Information shown:
--- START ---

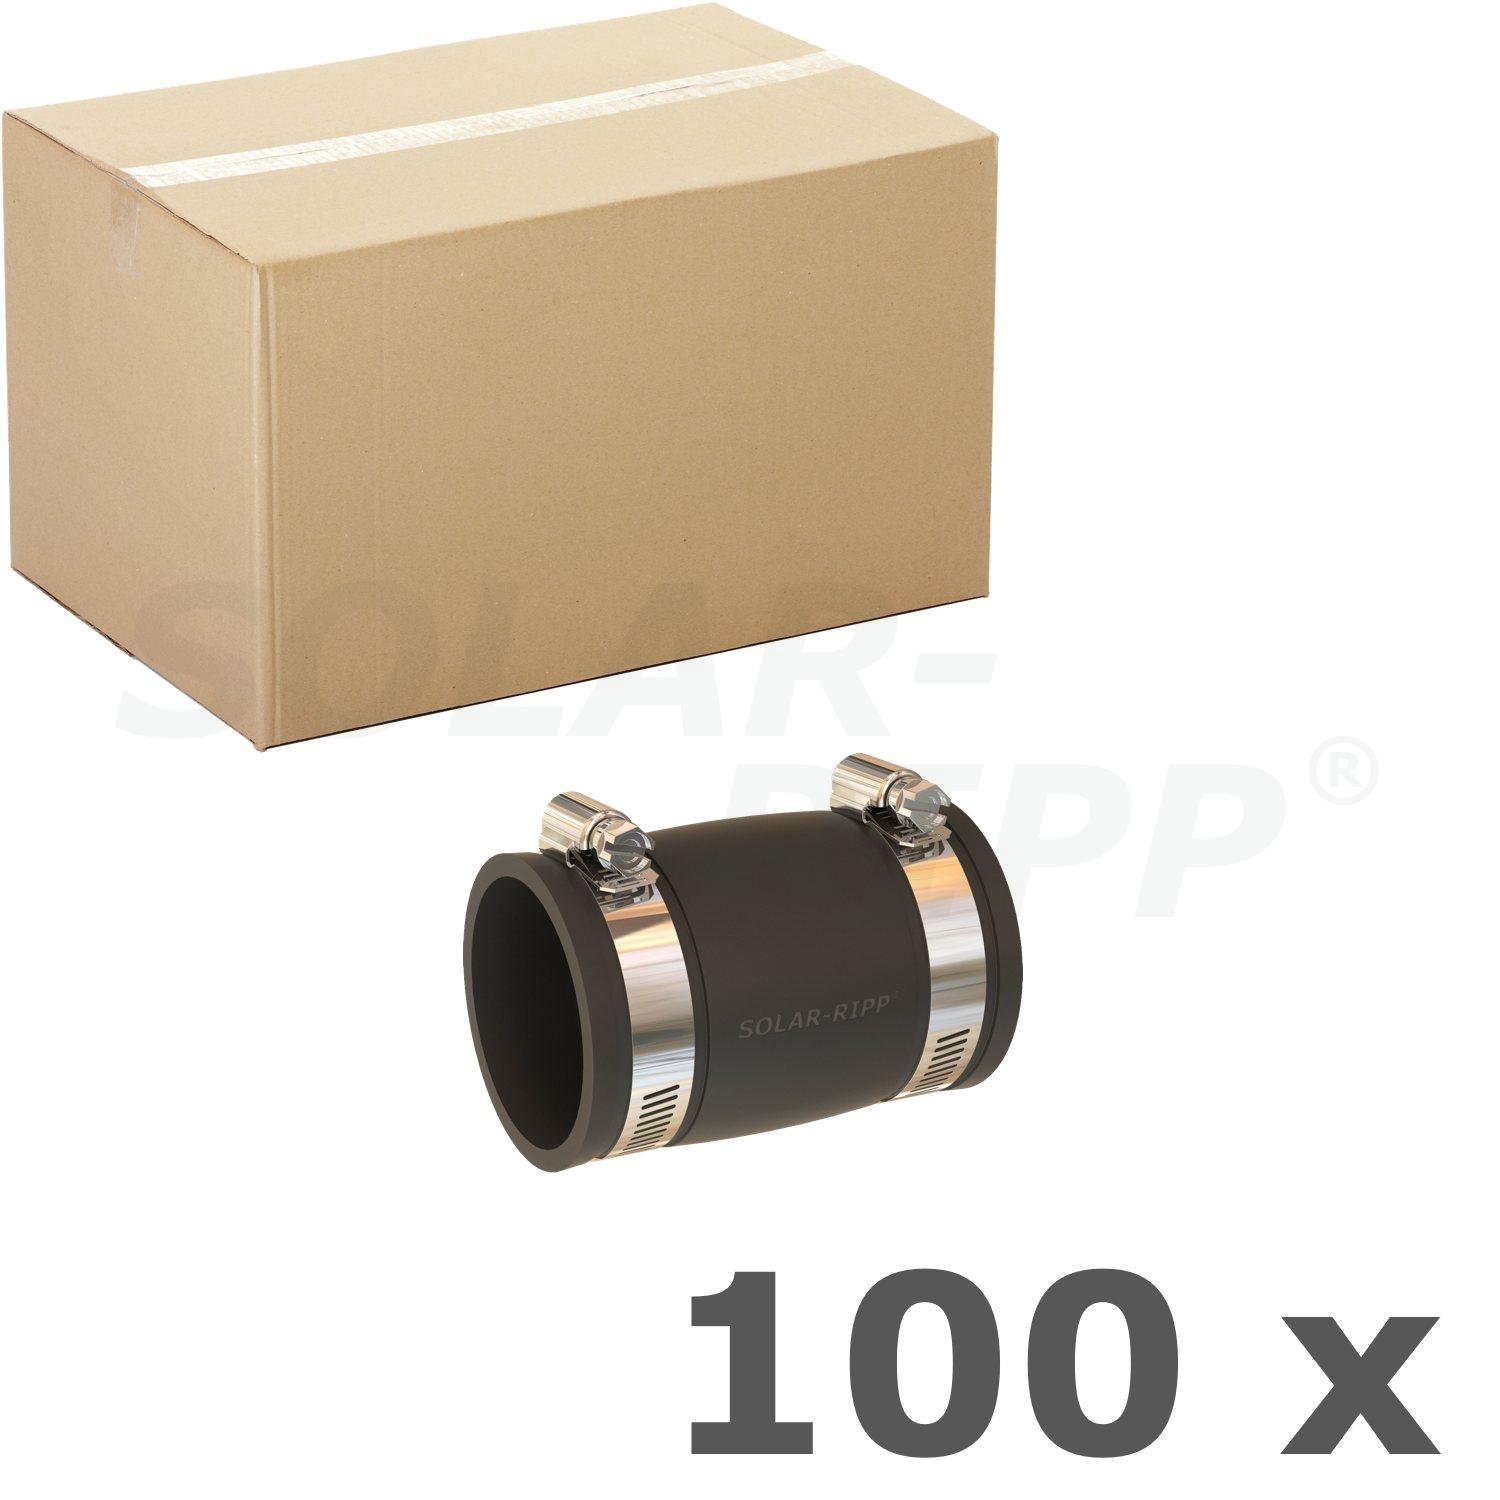 Manga de conexão 50mm - caixa com 100 unid.
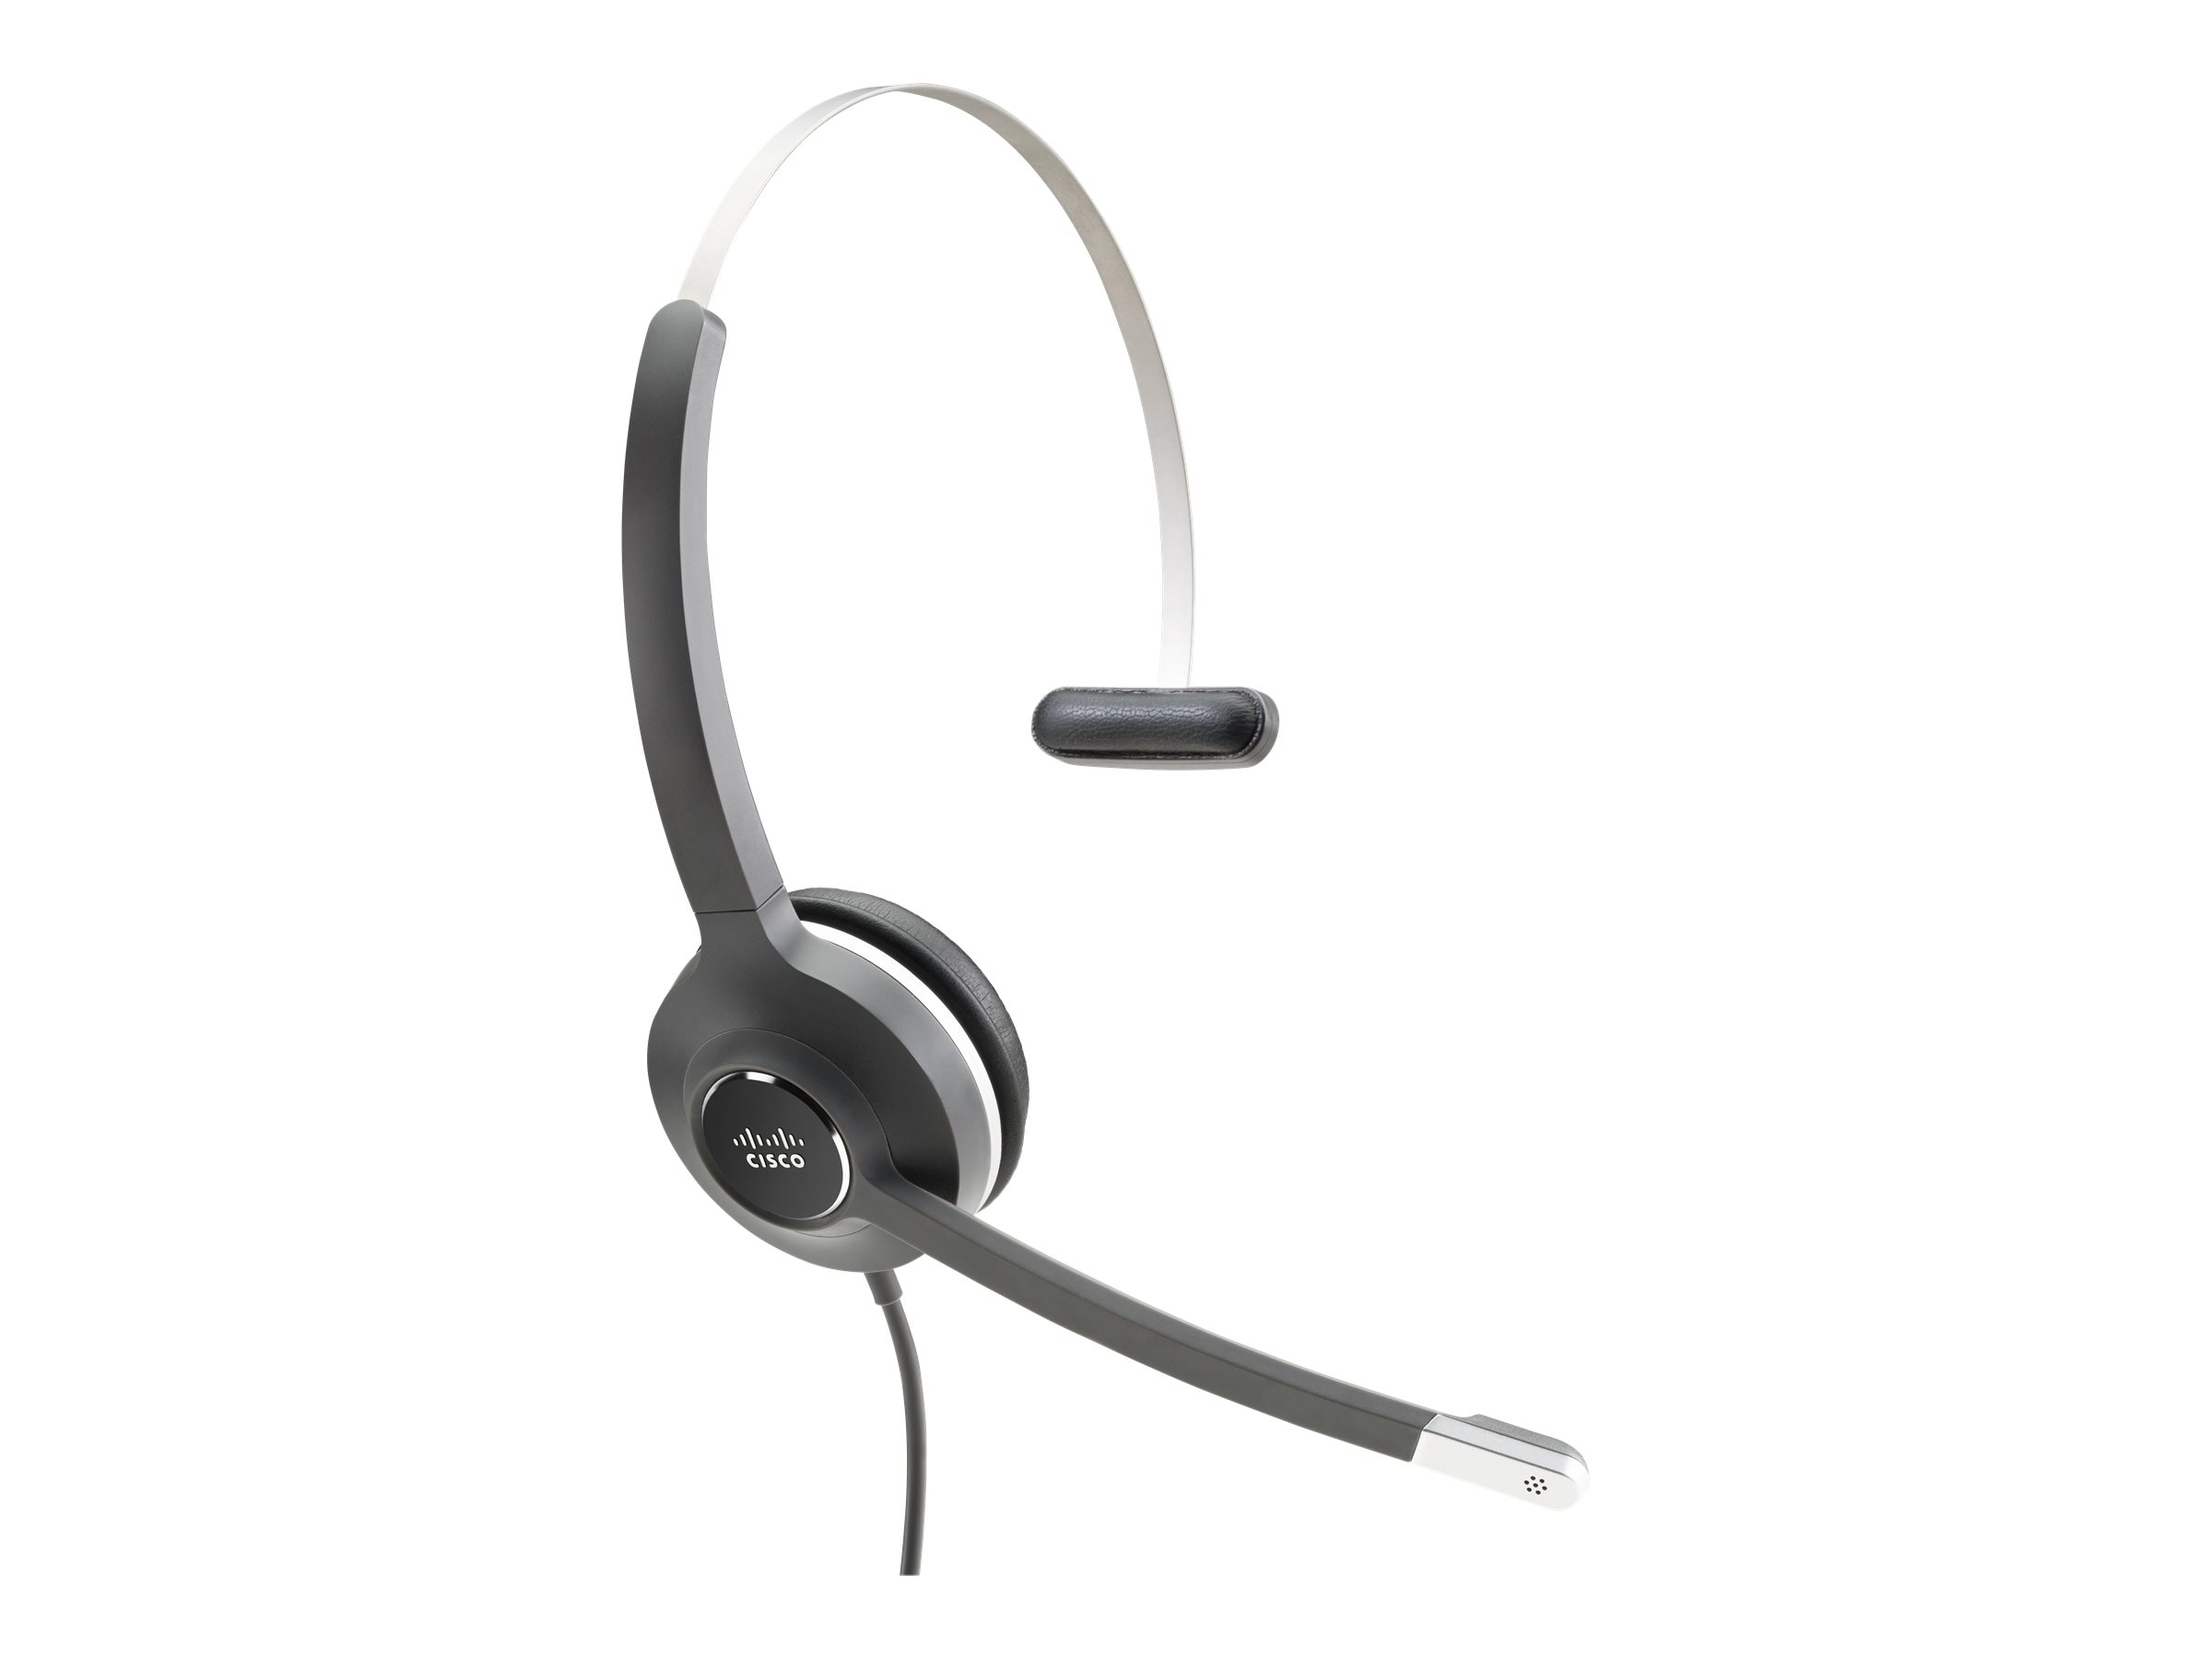 Cisco 531 Wired Single - Headset - On-Ear - kabelgebunden - für Cisco DX70, DX70 - MSRP, DX80, DX80 (No Radio)
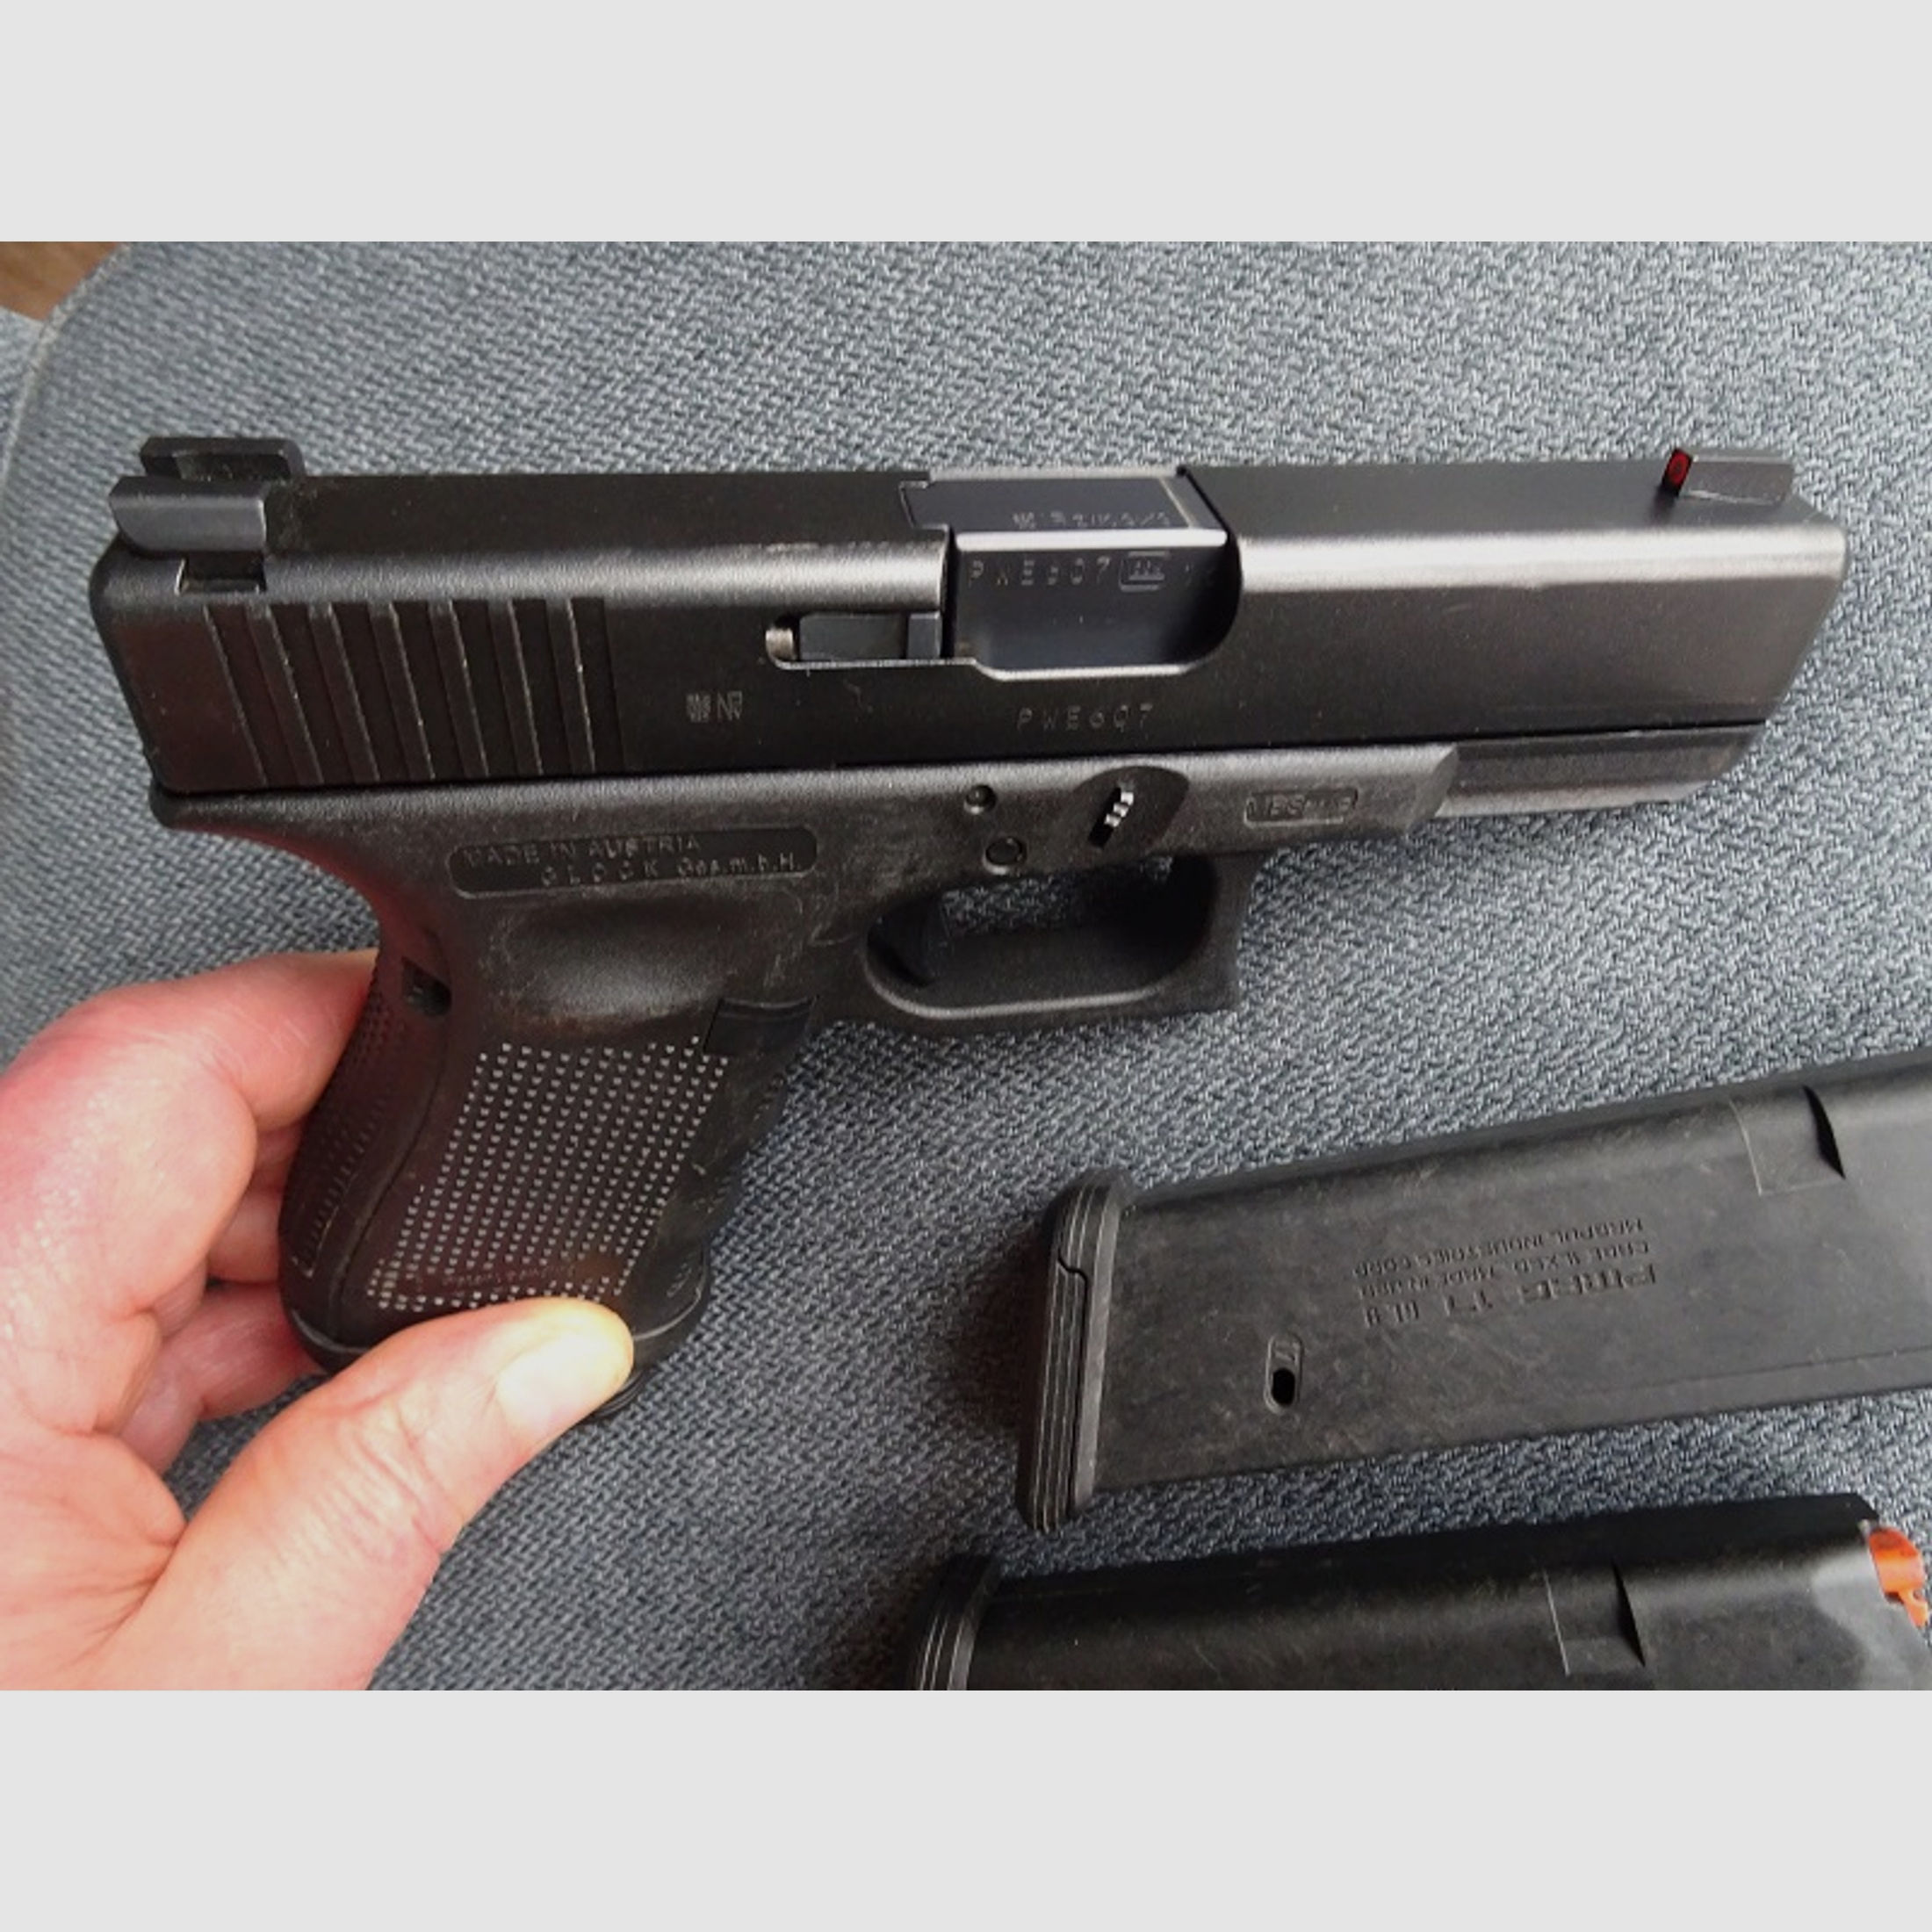 Halbautom. Pistole Glock, Modell 19, Gen 4, Kal. 9mm Luger

--- END ---

What to do:
Keep the pictures out and transcribe the listing exactly.

Answer for this exercise:
 Manga de conexão 50mm - caixa com 100 unid.
 Cisco 531 Wired Single - Headset - On-Ear - kabelgebunden - für Cisco DX70, DX70 - MSRP, DX80, DX80 (No Radio)
 Halbautom. Pistole Glock, Modell 19, Gen 4, Kal. 9mm Luger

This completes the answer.